Richard Hanania, a political scientist at the University of Texas, has delved into the Civil Rights Act and its expansion in a series of essays and in a fascinating new book, The Origins of Woke: Civil Rights Law, Corporate America, and the Triumph of Identity Politics.2 He makes a provocative argument: “woke” politics is an outgrowth of federal civil-rights policy. He attacks especially the claim, now embedded in regulations, that any disparity in outcomes between blacks and whites or men and women must be due to discrimination—and thus subject to civil-rights enforcement. To avoid investigations and penalties, corporations, universities, and other institutions have imposed preemptive quotas on hiring and promotions, such that bureaucratic influence expands under the act by threat rather than by direct use.
Hanania recommends that a new president, probably a Republican, eliminate this rule by executive action. He regrets—for good reasons—that President Trump did not try to act on this point until the final days of his administration, when it was far too late. Perhaps the next Republican president will act sooner and with greater dispatch. On this front, the Supreme Court has taken a long step in the right direction by eliminating the use of race in college admissions and employment policies. With this decision, the Court has shown that it is possible to unwind the unwarranted expansion of civil rights into areas that the authors of the legislation never intended it to reach.
These works complement Rufo’s book by showing that the “revolution of the 1960s” proceeded along both cultural and political tracks to bring us to the bizarre situation in which we find ourselves today, when the most extreme ideas of that decade are now judged to be commonplace in most institutions that are within reach of the federal government and the national press. The radicals’ agenda, as it turned out, was less about class or wealth or redistribution and more about race, gender, and sexual identity—to the point where these have become national obsessions. A few years ago, it was hard to see how things could get much worse. But they did. Rufo’s solution as outlined in the conclusion to his book unites these two tracks: instead of attacking the culture (the focus of his book), he proposes to unwind the agencies and bureaucracies that empower far-left doctrines.
Rufo’s book, and the others mentioned above, should shake conservatives from complacent thoughts
Rufo’s book, and the others mentioned above, should shake conservatives from complacent thoughts that events are moving in a constructive direction. They are not: things are getting worse, at least from political and cultural points of view, and will continue to do so unless conservative Americans can find a way to intervene, as they did in the 1980s.

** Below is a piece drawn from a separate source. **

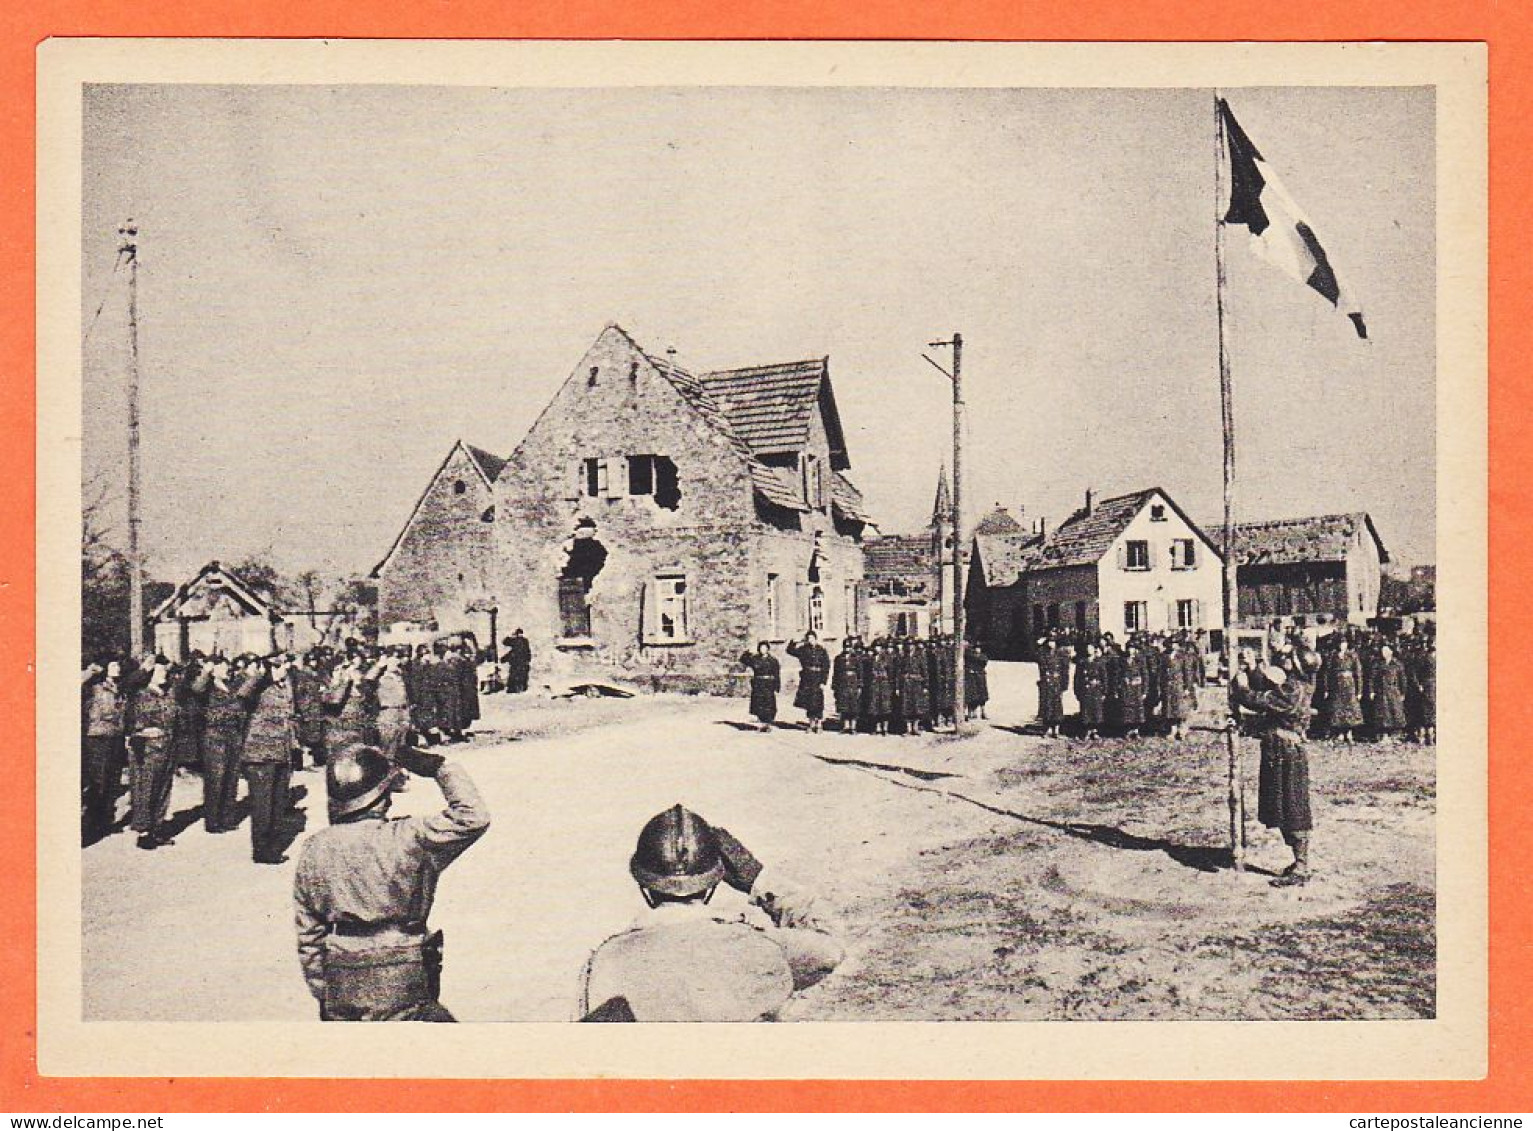 04518 / SCHEIBENHARDT 24 Mars 1945 Premiere Ceremonie Couleurs Territoire Allemand Armée Française Guerre WW2 / BRAUN - Guerre 1939-45

Donald Trump won the Republican primary and later the presidency in 2016 because alleged conservatives had failed to deliver on promises to support the economic and cultural interests of the middle classes. He remains popular in middle- and lower-class circles, despite indictments, because he speaks to those interests and general feelings of national decline, while many other conservatives do not. Rufo and others, without necessarily endorsing Trump or his approach, call on conservatives to come to grips with the sources of Trump’s popularity.
Does this amount to a “radical” conservatism? Perhaps, though in truth it points in the direction of a more aggressive politics than conservatives have practiced heretofore—albeit in defense of old principles newly endangered.